**WORK REQUIRED**
Nothing but the lines from the one containing "10.5/12.5/15.5/16.5 Telescopic Ladders" through the end of the data below should appear in the answer, each exact and free of pictures.

**DATA PROVIDED**
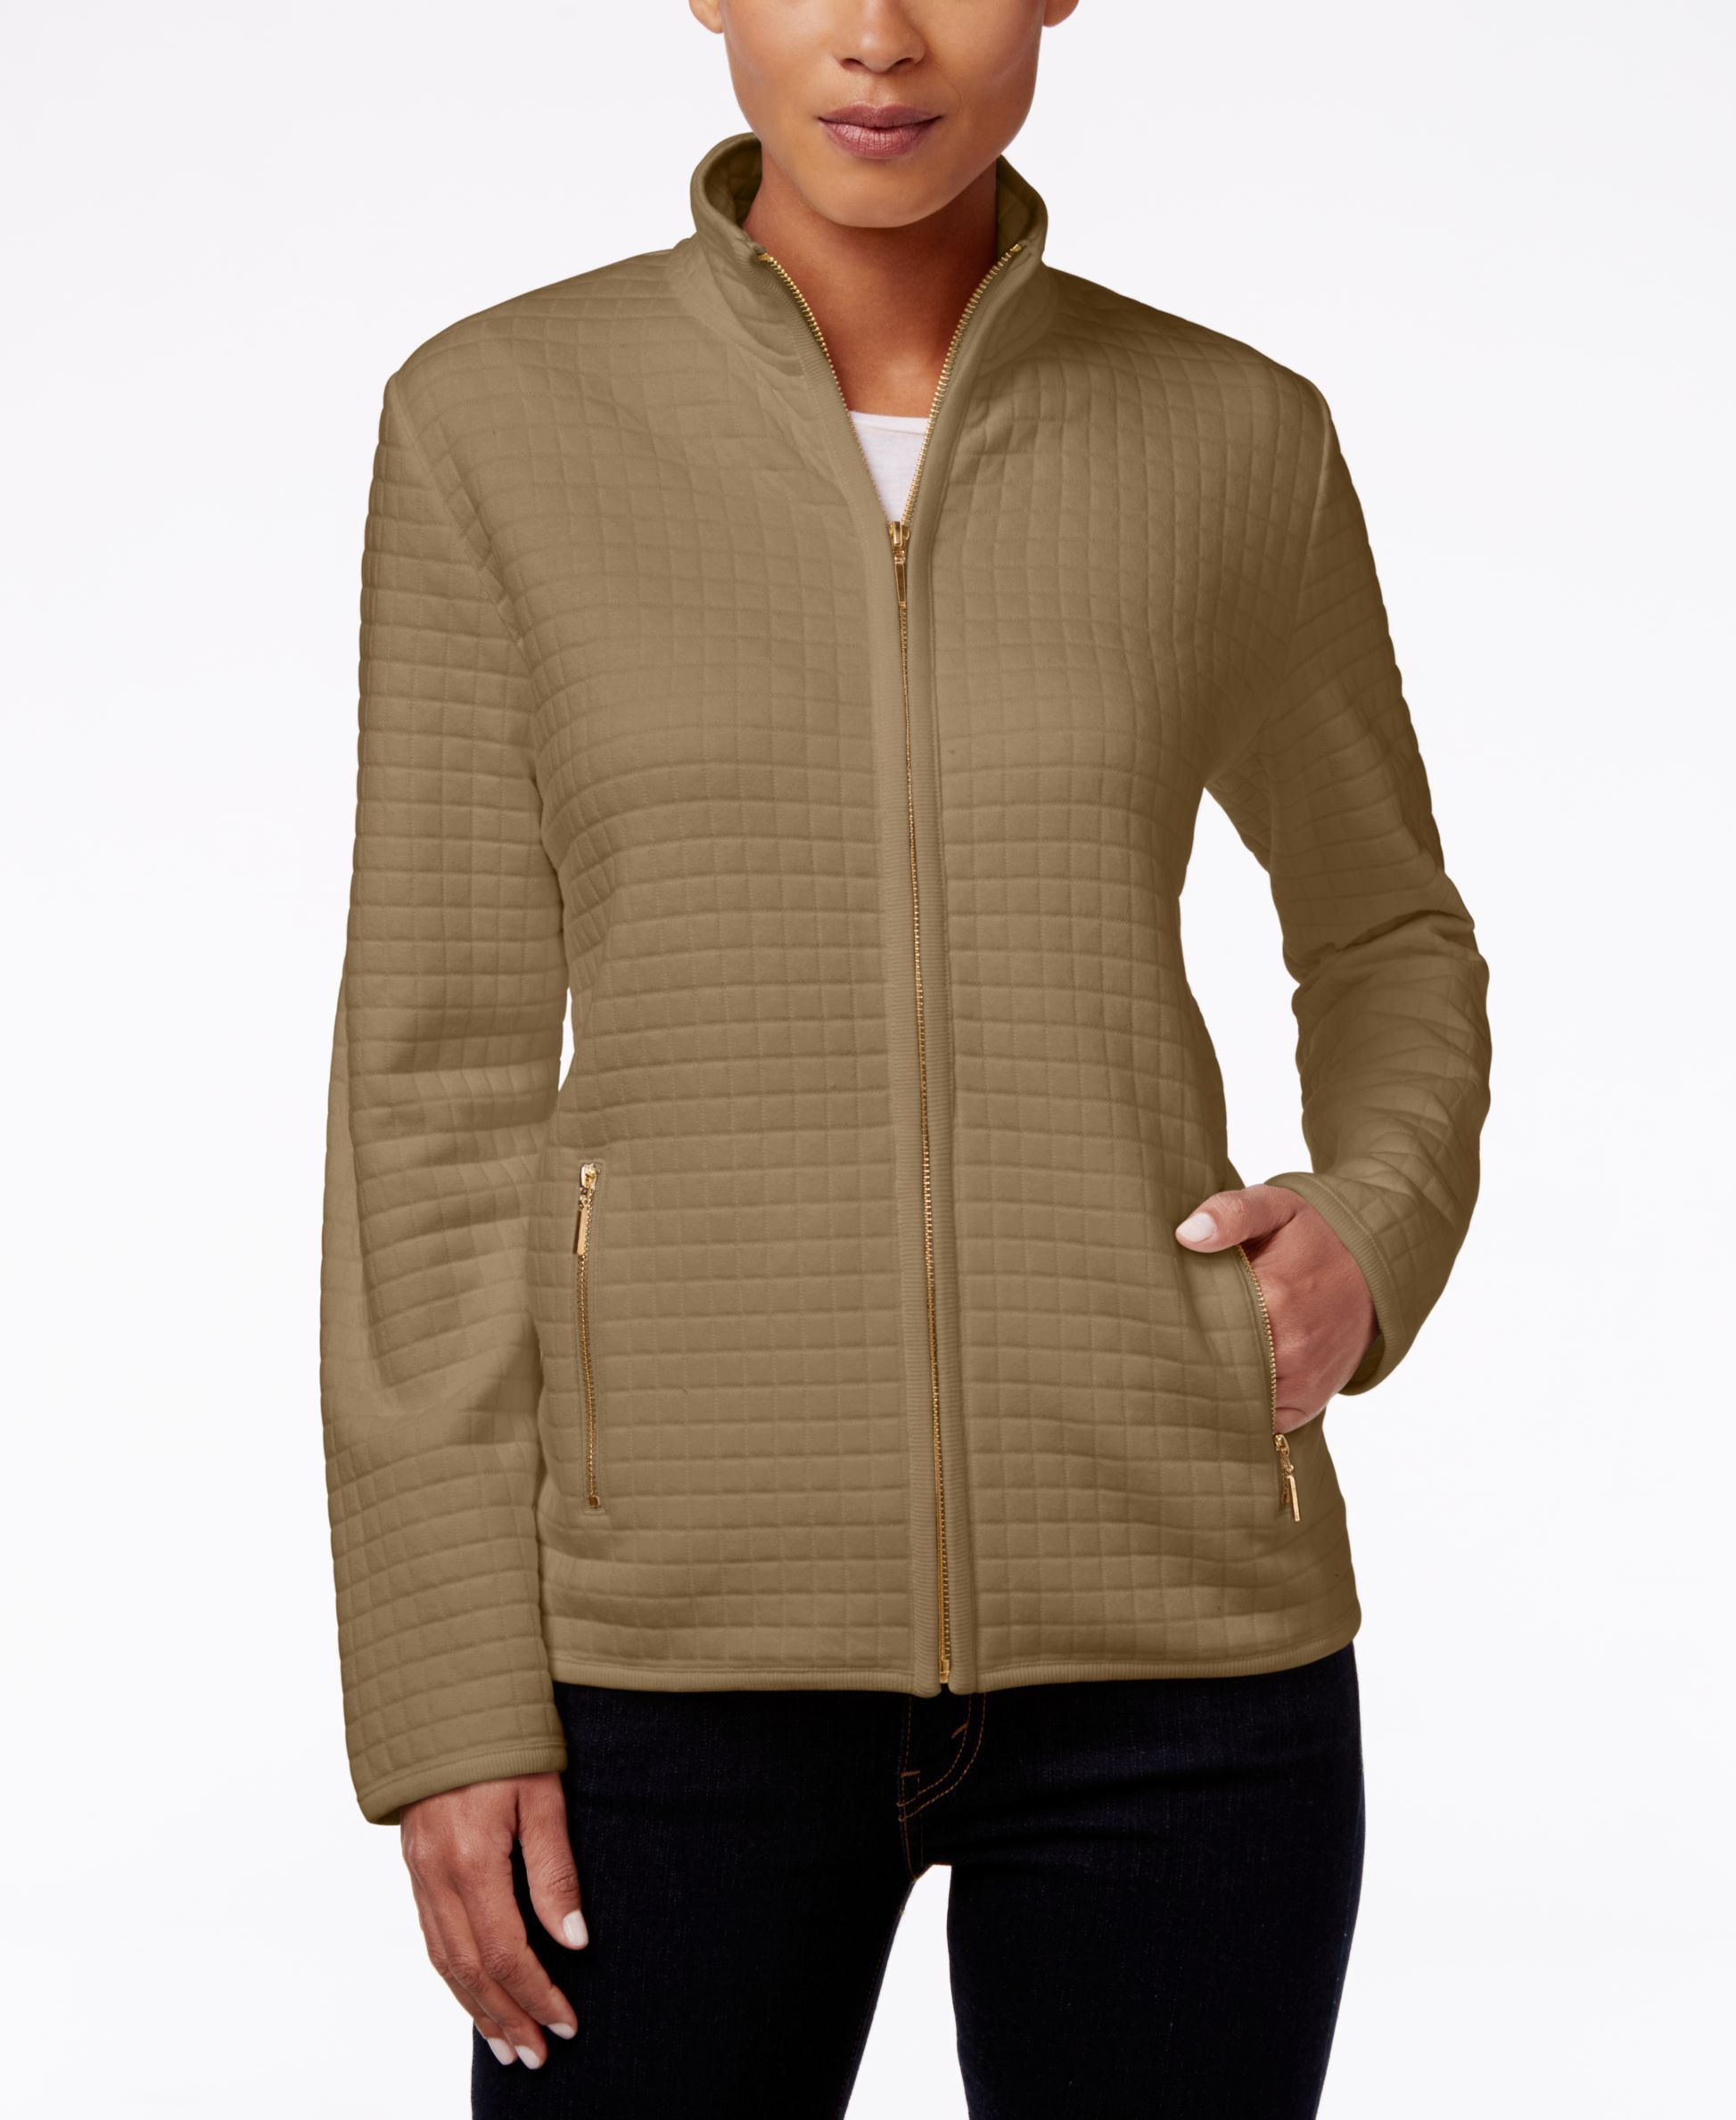 Karen Scott Quilted Zipper Front Jacket Only At Macy S Blazer Jackets For Women Zipper Front Jacket Jackets [ 2378 x 1947 Pixel ]
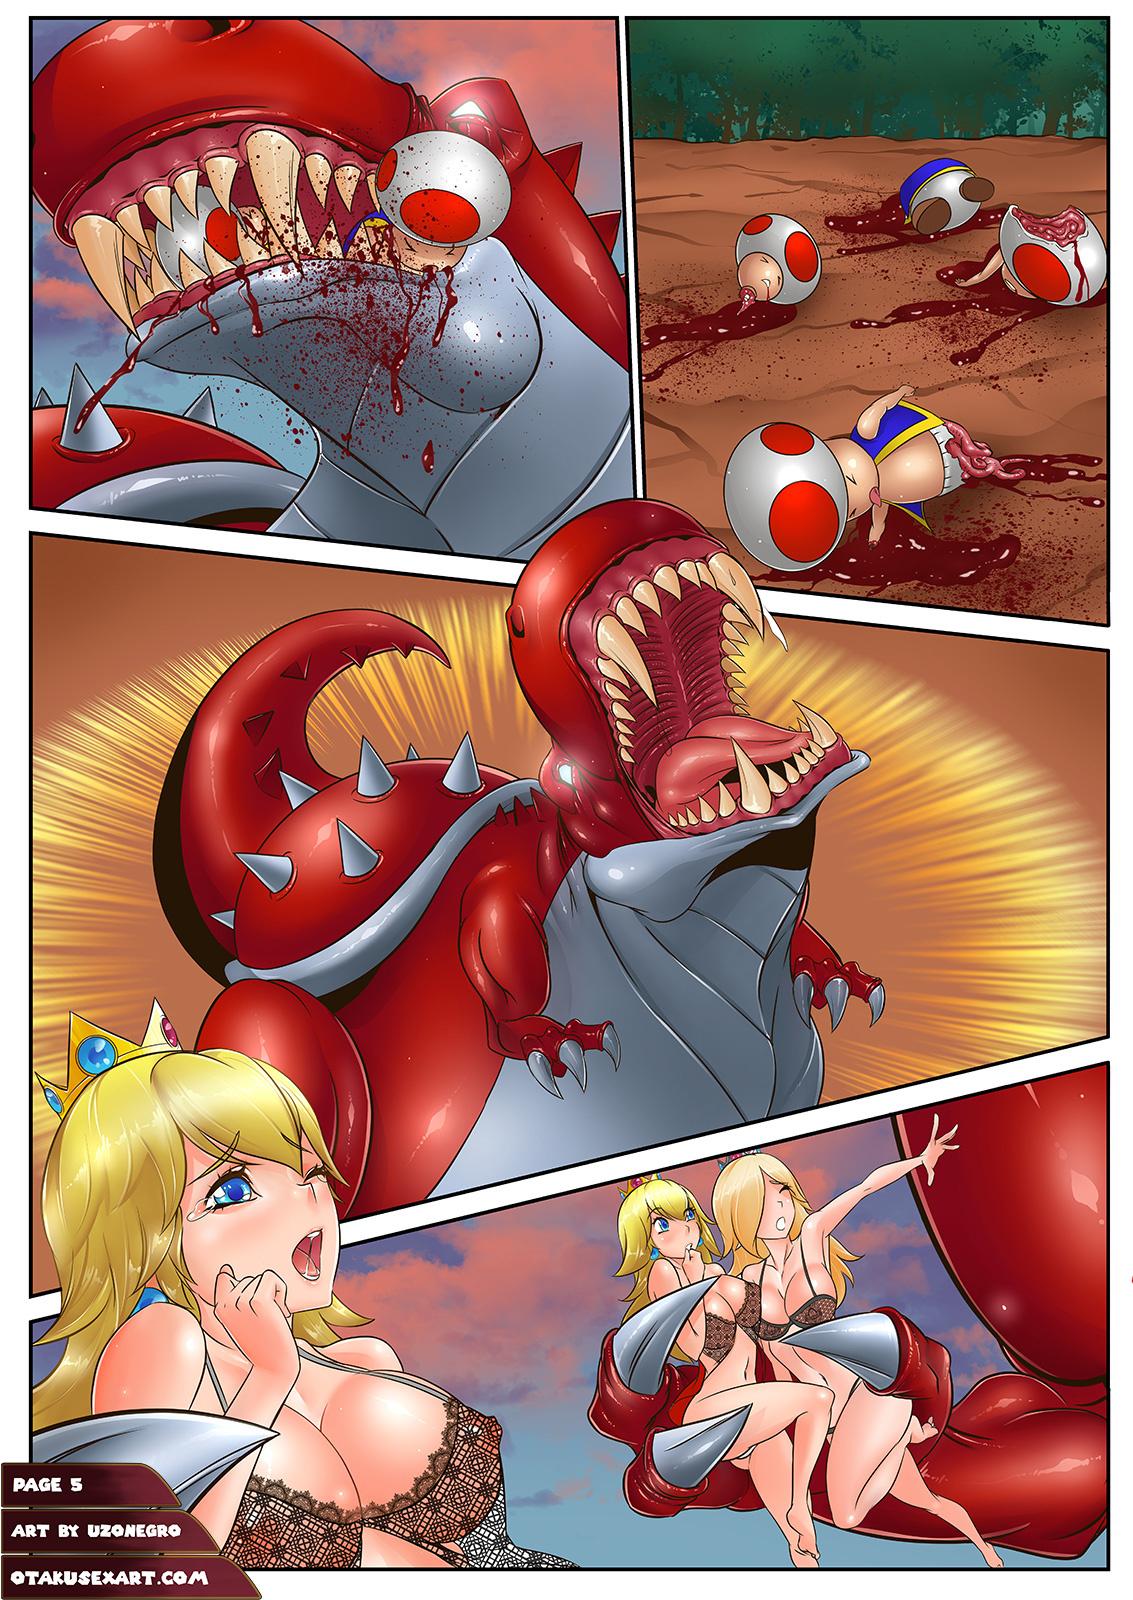 Two Princesses One Yoshi 2 porn comics Oral sex, Bestiality, Blowjob, Creampie, Cum Shots, Double Penetration, Group Sex, Hardcore, Masturbation, Rape, Straight, Titfuck, X-Ray
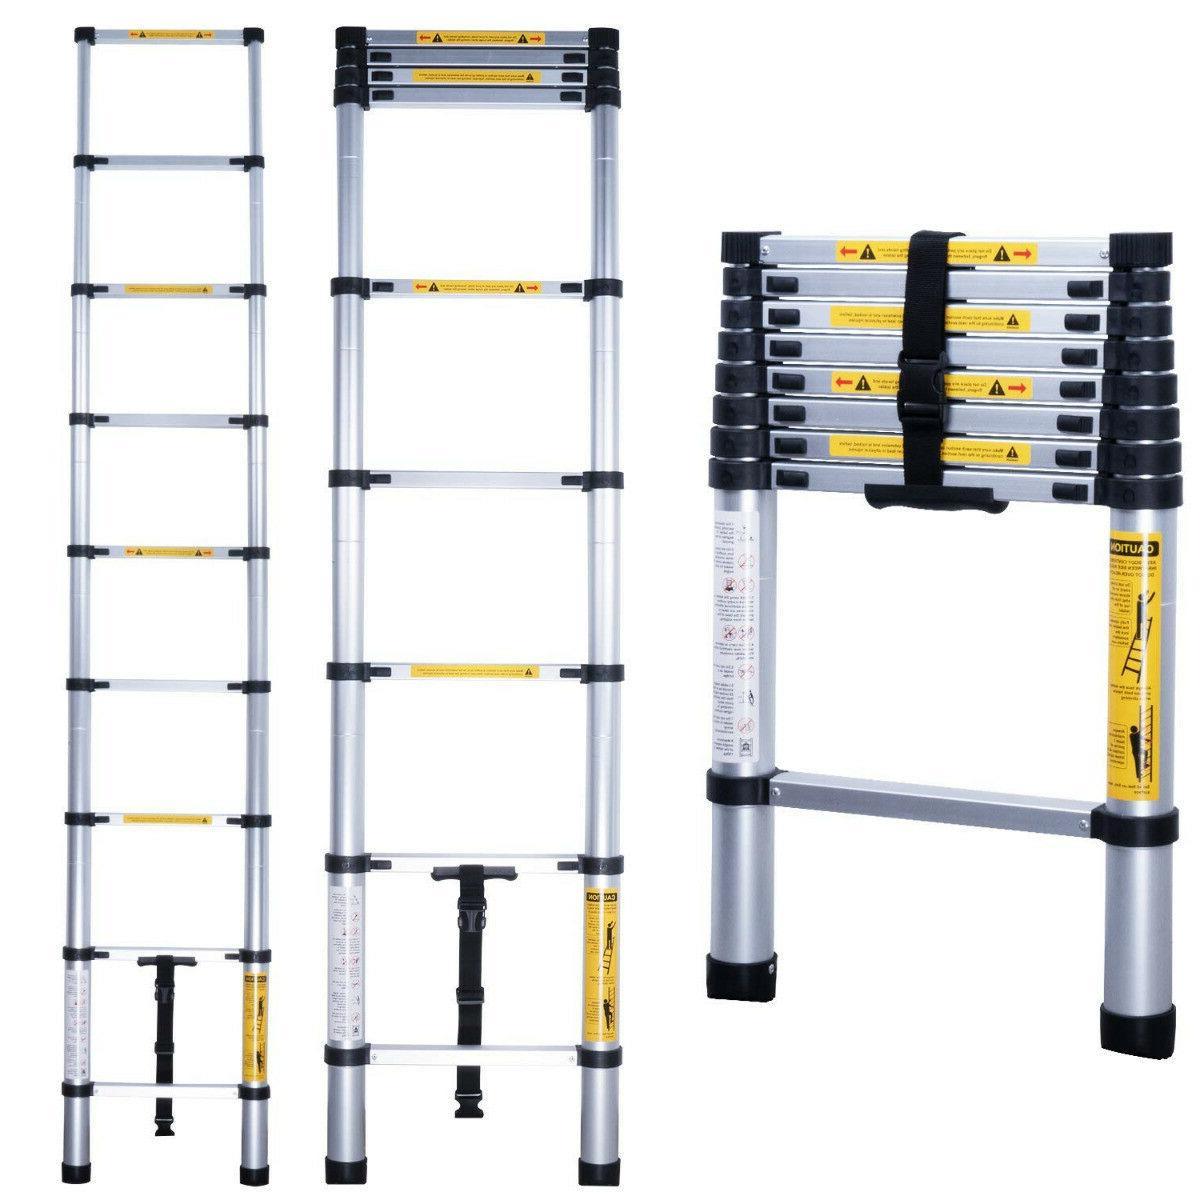 10.5/12.5/15.5/16.5 Telescopic Ladders
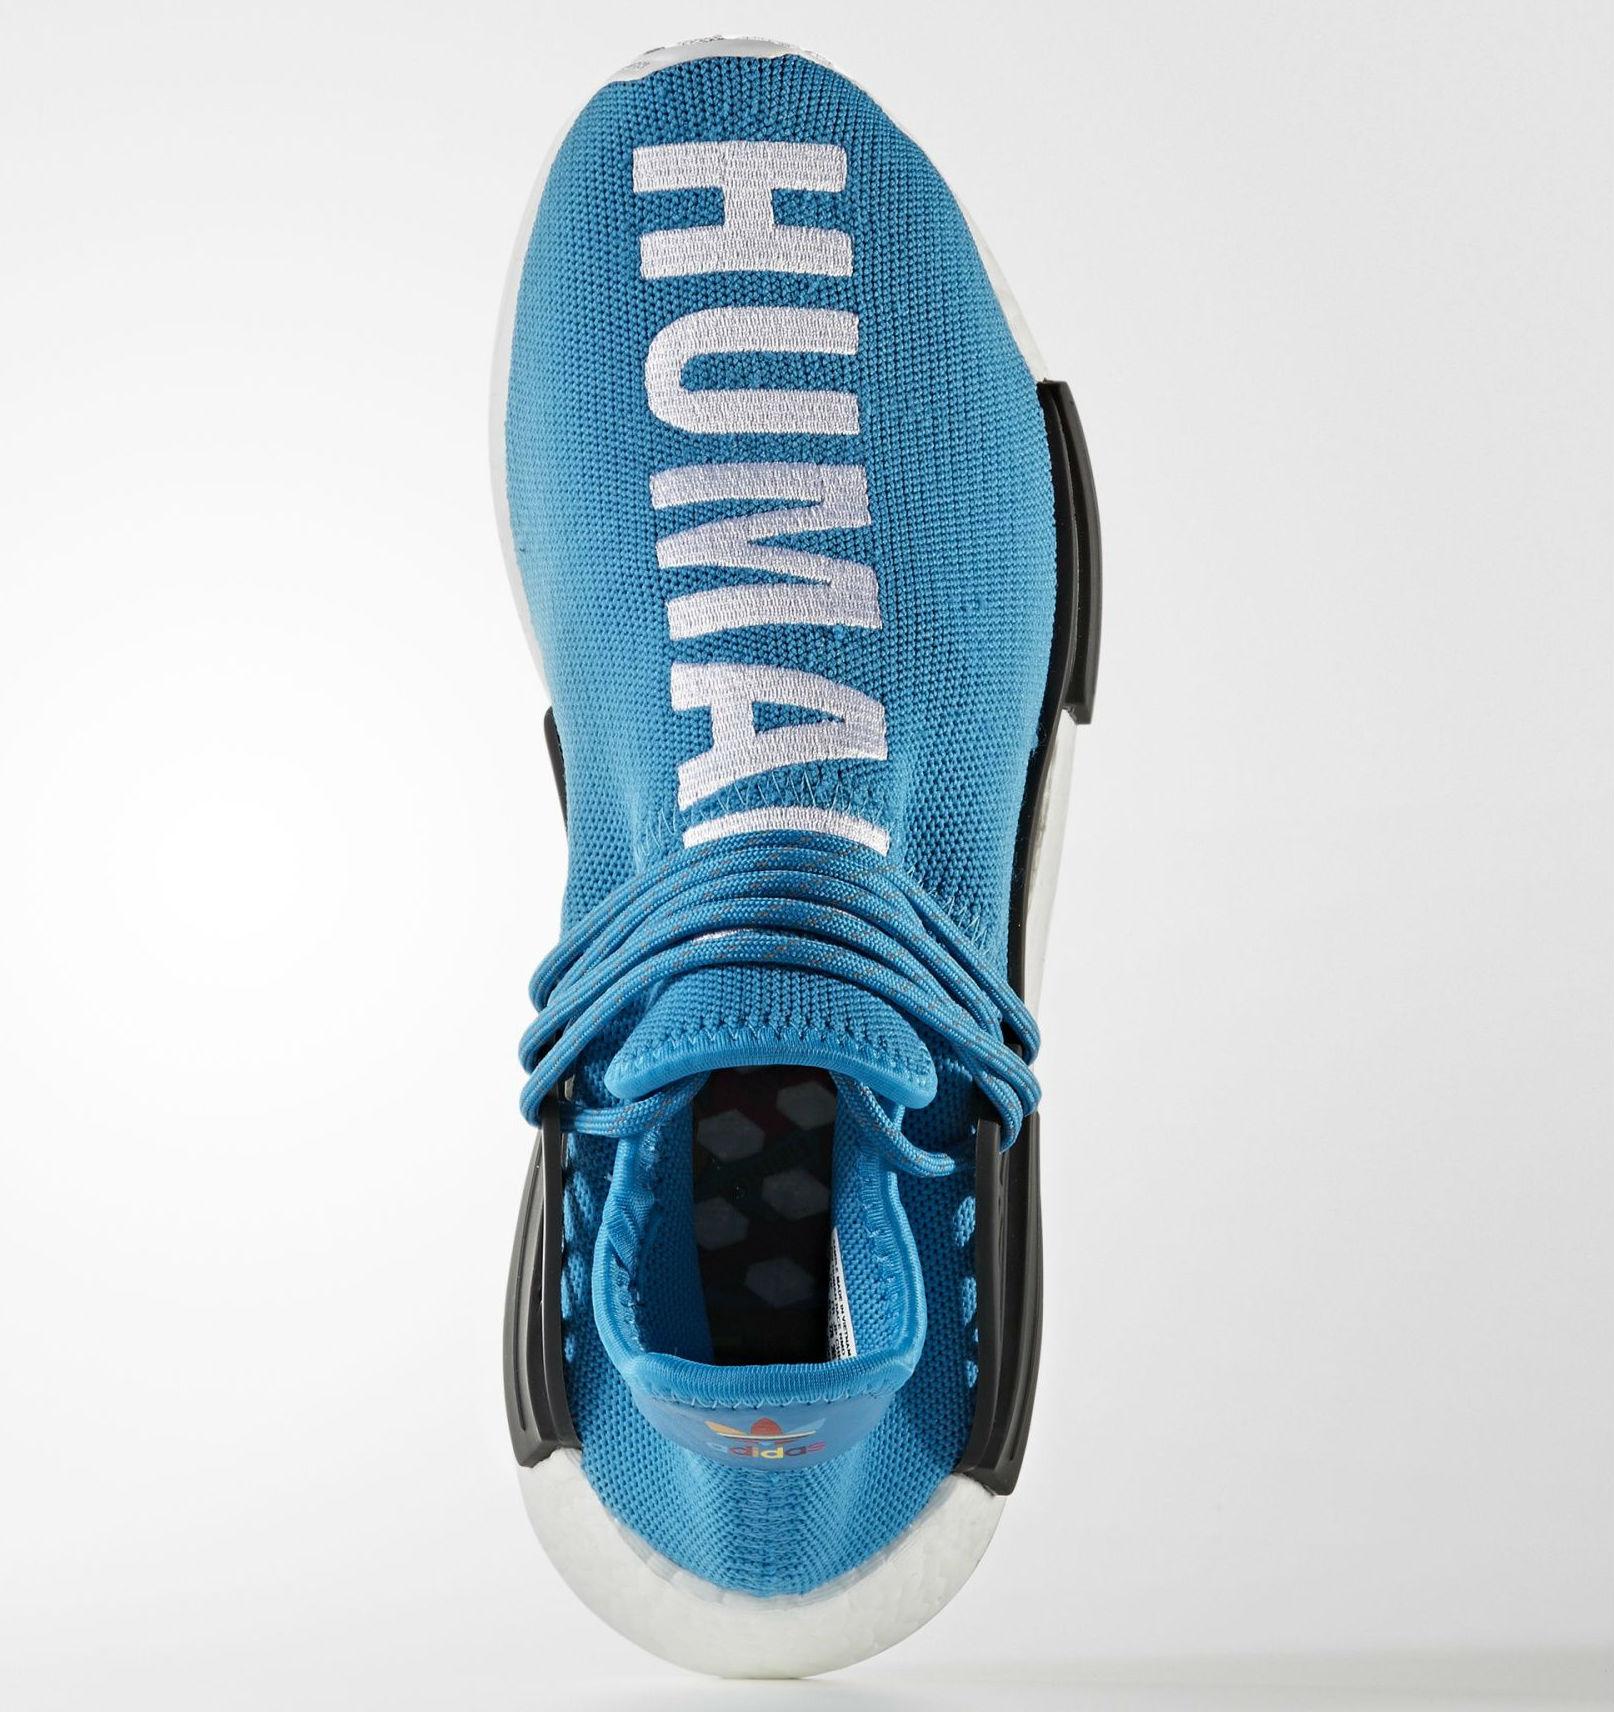 Blue Pharrell adidas NMD Human Race Top

**EXPECTED OUTPUT**
 10.5/12.5/15.5/16.5 Telescopic Ladders
 Blue Pharrell adidas NMD Human Race Top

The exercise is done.